Отыскали больницу, тут же и супруга нашлась. Старики маленечко побеседовали, дяде Васе велено было немедленно возвращаться домой и встречать тетю Таю. Так закончился этот нервический эпизод. Я звонил в милицию, полузабытым родственникам и знакомым, виновато давал «отбой», а дядя Вася возбужденно и весело мешал мне.
– Представляешь, – рассказывал он, едва сдерживая радостный смех, – она говорит: «Ты все-таки поехал к Пучкову?» Я говорю: «Поехал». А она: «И Валентина там была?» Я говорю: «А как же!» Она тогда: «Ну и как она?» Я говорю: «Почти не изменилась». Таисья аж чуть не взвыла. «Ты, – говорит, – и прежде ей шоколадки покупал, а мне – ландрин»… Ну, ничего, обошлось…
– Какая Валентина?
– Не помнишь, что ли? А! Это до тебя было. Когда мы в Москву приехали, у Таисьи подруга завелась, Валентина, ну она и давай меня к этой подруге ревновать – та уж и замуж вышла, а эта всё… Ландрин какой-то…
– Когда ж это было?
– Это?.. Году, наверное, в двадцать восьмом.
– И что, с тех пор так и тянется?
– Нуда: то к Валентине, то еще к кому. Валентины-то я лет пятьдесят не видел – она теперь согнутая вся, с клюшкой, а тогда – ничего была.
– И не тяжело, дядя Вась?
– Чего?
– Ну, терпеть все это?
– А чего тут тяжелого: жена – она и есть жена, мы с ней уже седьмой десяток вместе живем… С ней-то легко, а вот со мною… Я же одно время знаешь до чего допился?.. А-а, то-то же. В общем, стали ко мне являться лукашки да окаяшки. Как надерусь, они и являются.

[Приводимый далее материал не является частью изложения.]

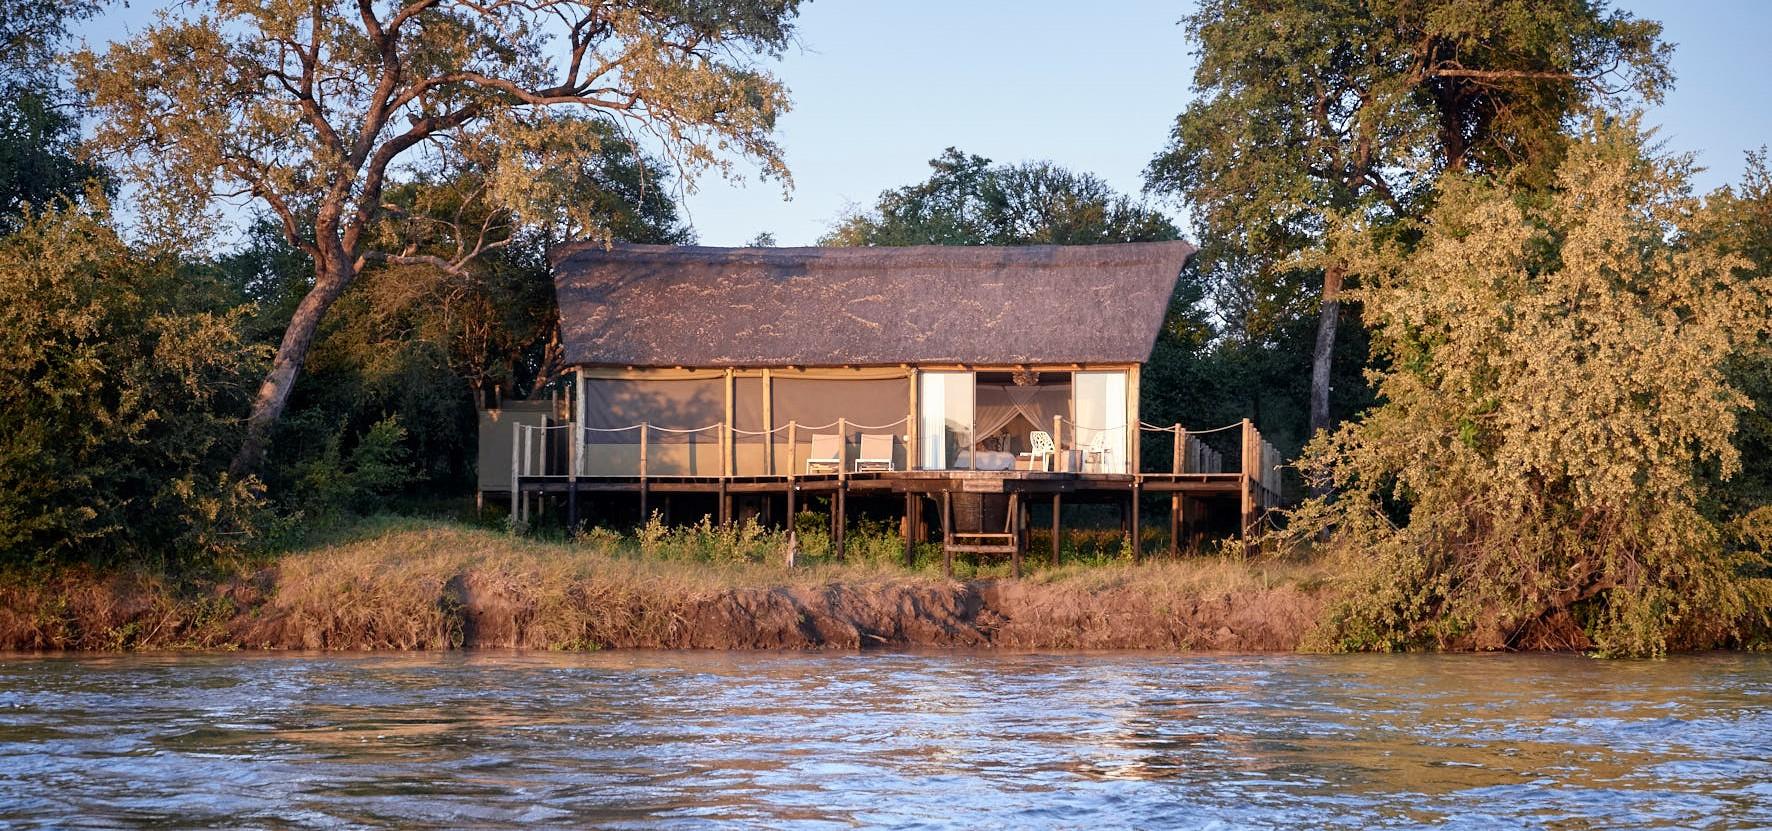 zambezi-river-lodge-luxury-tent-zimbabwe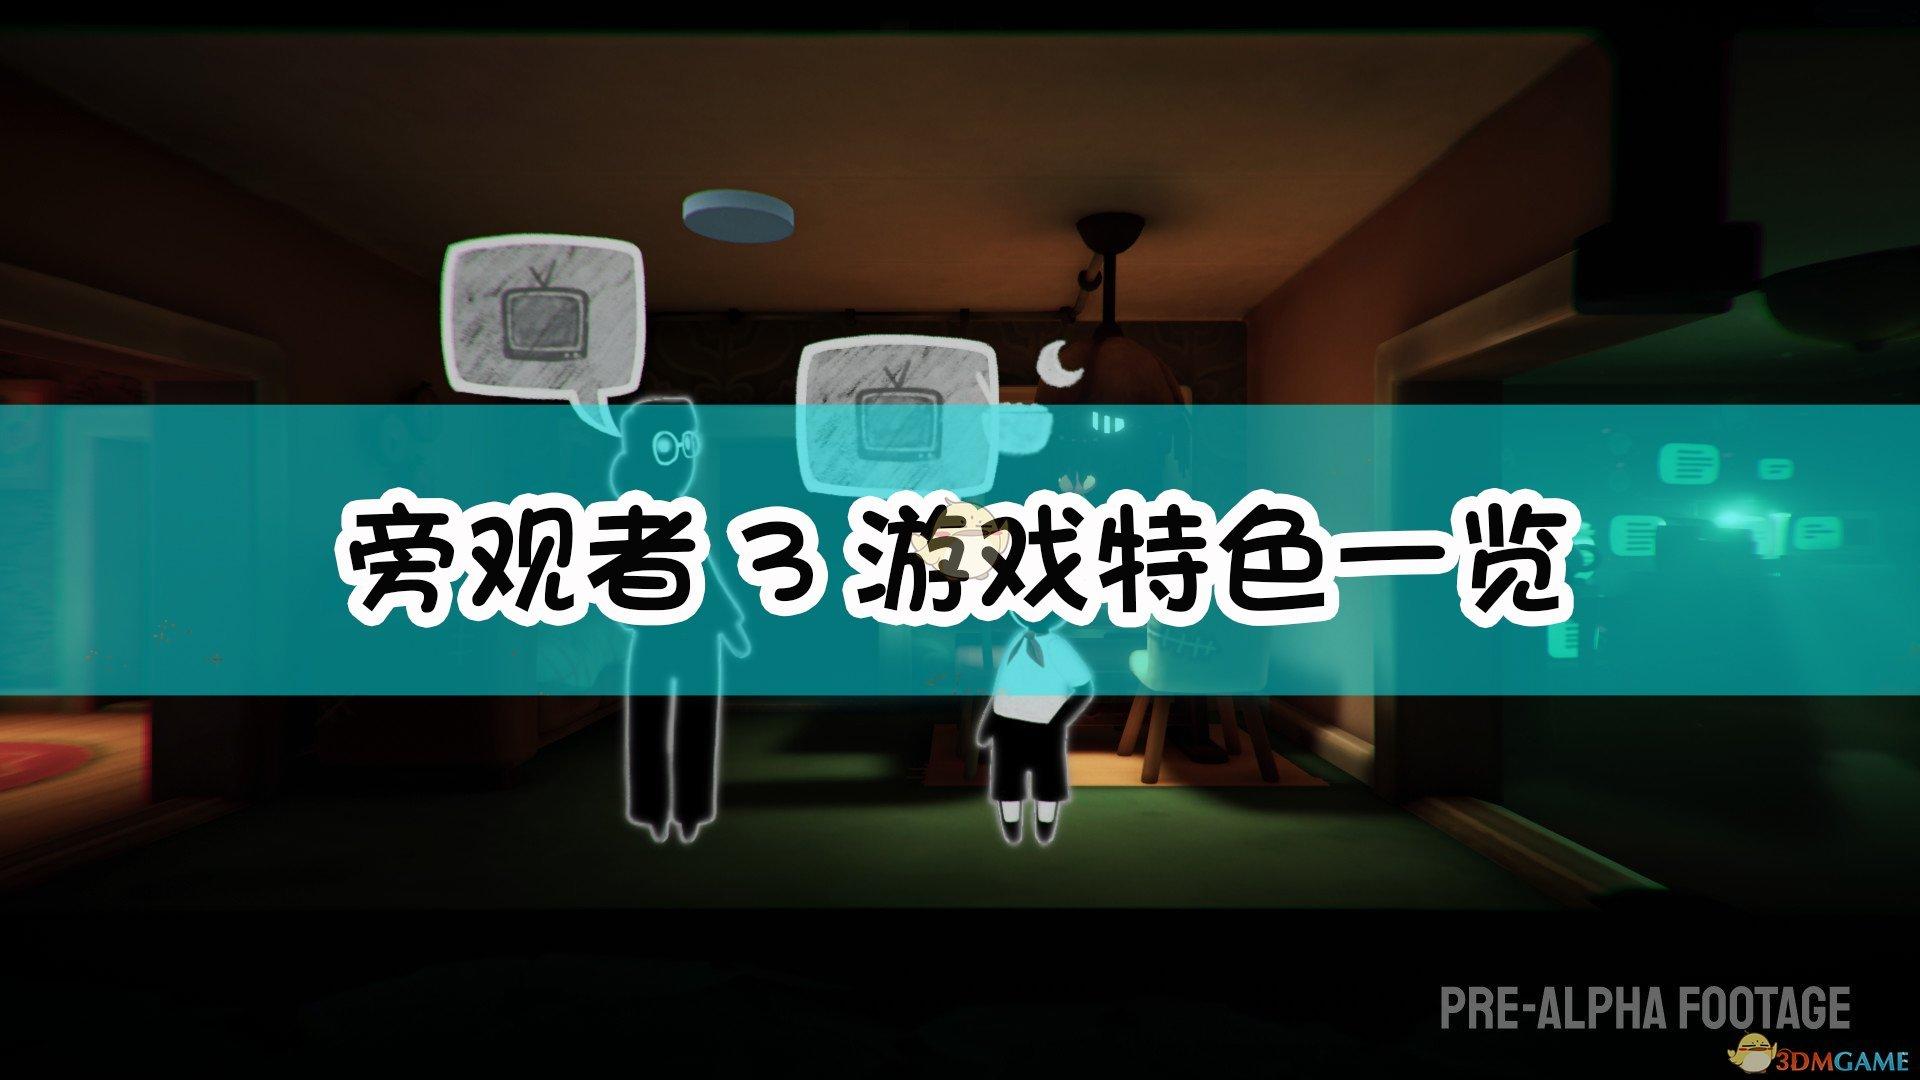 《旁觀者3》遊戲特色一覽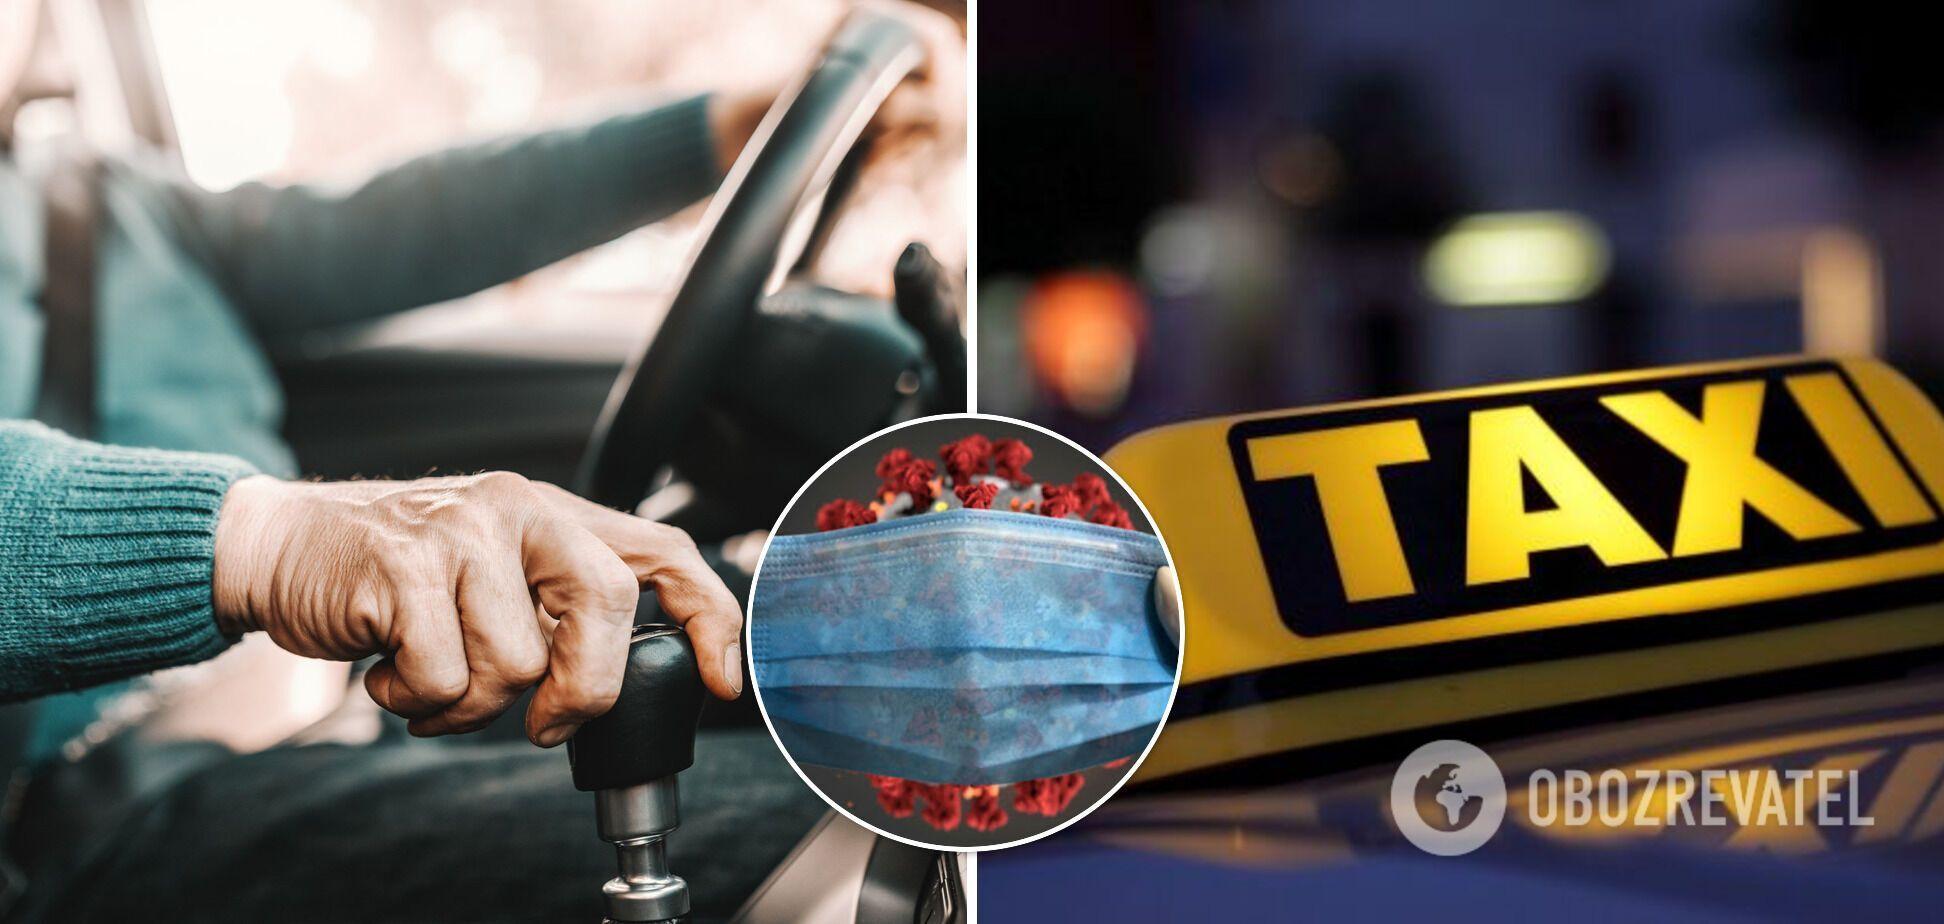 У Дніпрі водій таксі вигнав жінку із салону за те, що вона попросила його надягнути маску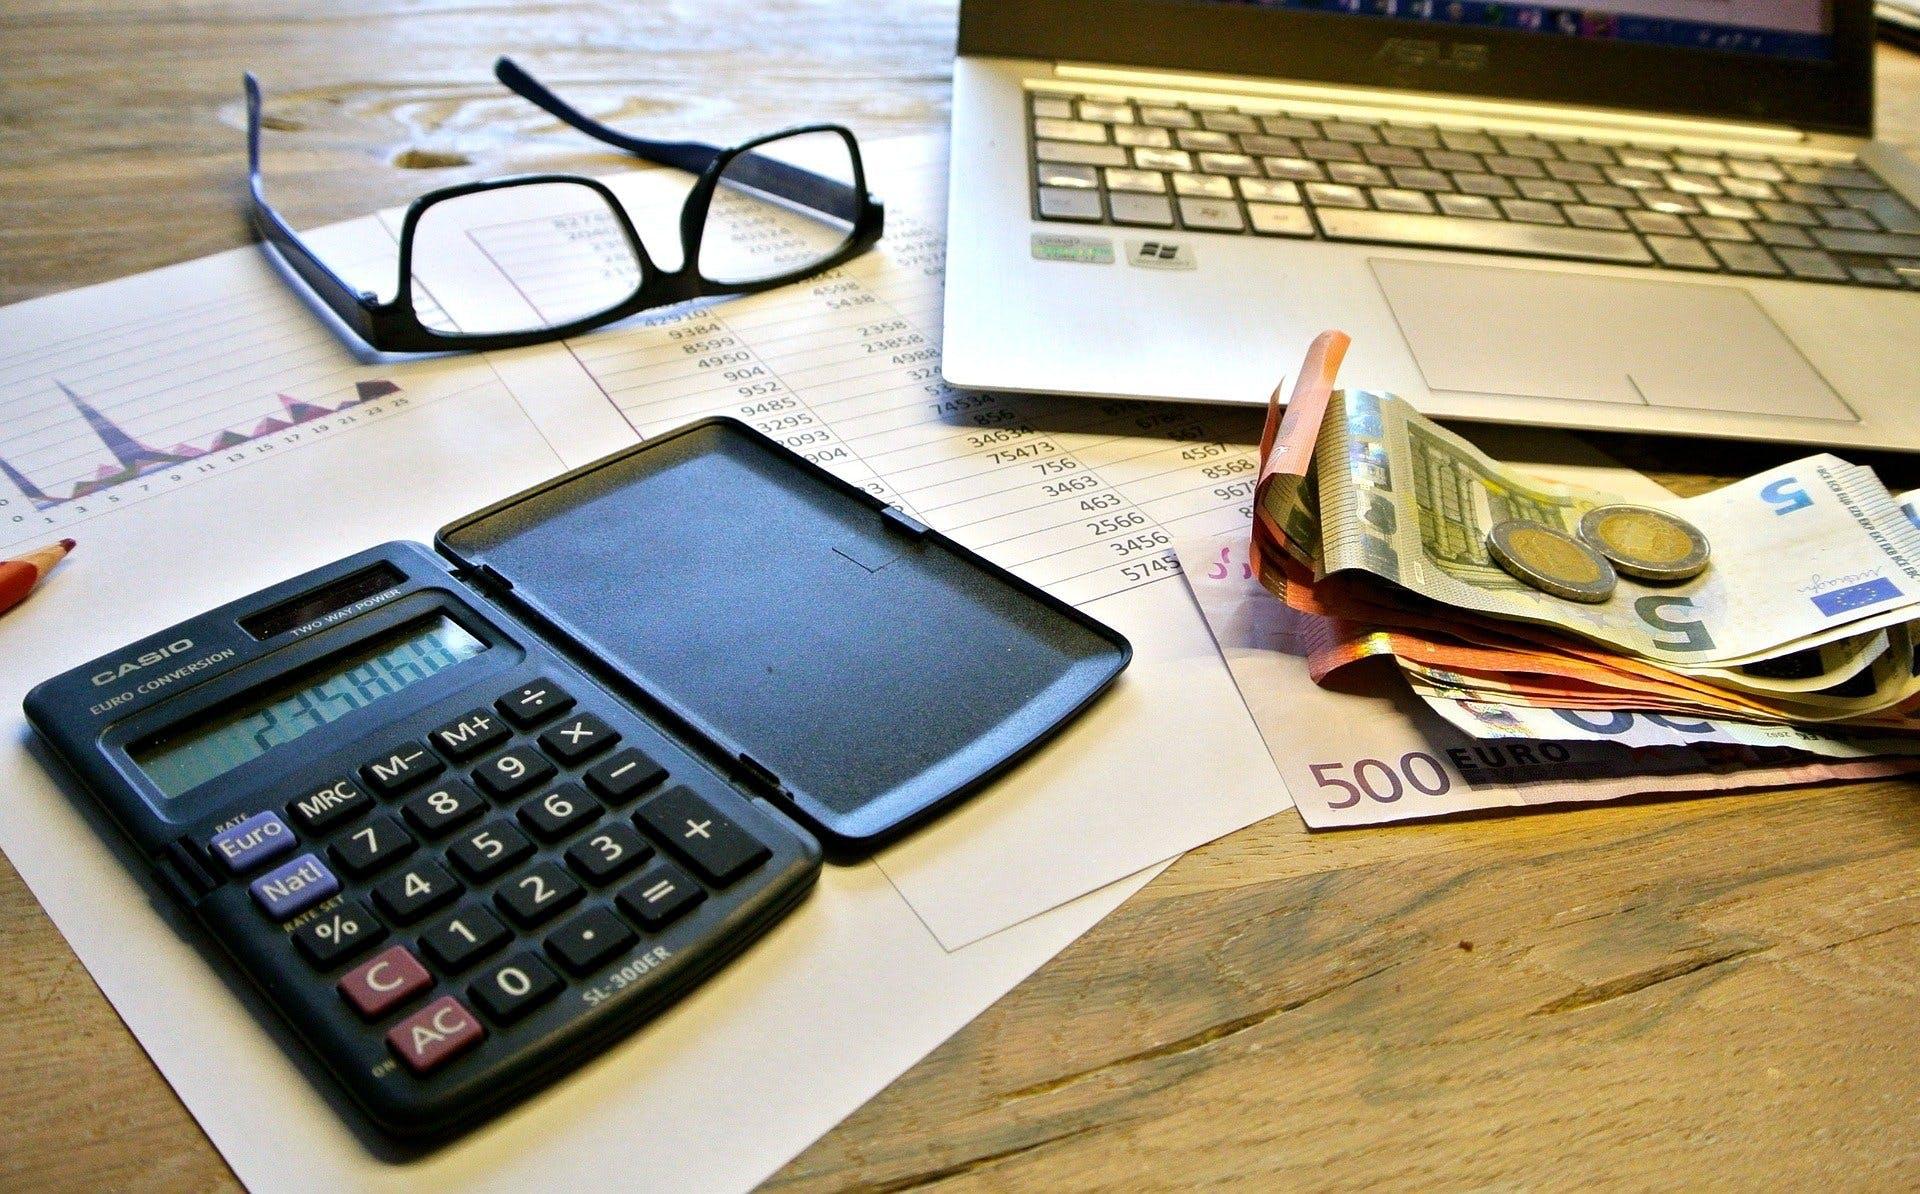 家賃収入がある場合の確定申告の手順を整理。課税の仕組みも解説

– Что, с копытами и рогами?
– Насчет этого не скажу: на ногах – штиблеты, а волос у них кучерявый, так что не разглядел, да и хвостов не видал – при костюмах ведь, но в остальном – носатые и серой воняют, вот, брат!.. Один, кстати, сильно похож был на председателя худсовета, которому Таисья картины сдавала. Он всё пейзажи не любил, заводы всё требовал, фабрики… да. Ну, это так, к слову. Однажды я, знаешь, психанул на них, а они народ такой, всё, бывало, посмеиваются да ухмыляются, – ну, психанул, стало быть: схватил топор и ка-ак хрястну! Что тут бы-ыло!.. Искры, огонь, дым… Оказалось, по телевизору саданул. Ну, выкинул телевизор. И этих, знаешь, сразу же поубавилось. Сильно поубавилось… Вот, брат… Так что несладко ей со мною пришлось, несладко. Однако шестьдесят лет прожили. Это вы, нынешние: чуть что не так – побоку, разошлись, как в море корабли. А чего расходиться-то? Это ж – крест: взвалил на себя – и неси, до упора неси, до конца. Чего его сбрасывать-то? Увидишь какой поменьше, думаешь: о, возьму его! Сбросишь свой, новый подхватишь, а он хоть и поменьше, зато из чугуна. Потом глядь – еще меньше: цап его – а он вовсе свинцовый. Сменяешь на пенопластовый, а тот – орясина – за все кусты задевает. Снова какой-нибудь деревянный подберешь – ан весь в занозах… Так что тащи, что дали, и не рыпайся: браки совершаются на небесах – это мне Таисья сказала, когда я начал ее… это… уговаривать… Мы ж с ней на дороге лесной сошлись: я из дома сбежал, учиться двинул, а у нее родителей шлепнули, вот и шастала, неприкаянная… Было нам тогда по пятнадцать лет. Ну на небесах, говорю, так на небесах: зашли в церковь, обвенчались, вот и живем с тех пор. А насчет разных там выкрутасов вроде больницы этой – ерунда, на ход поршней не влияет. Как наставлял меня тот священник – ну, который венчал нас: «Женщина – сосуд слабый, немощный, ты уж побереги ее». Так что извини и спасибо.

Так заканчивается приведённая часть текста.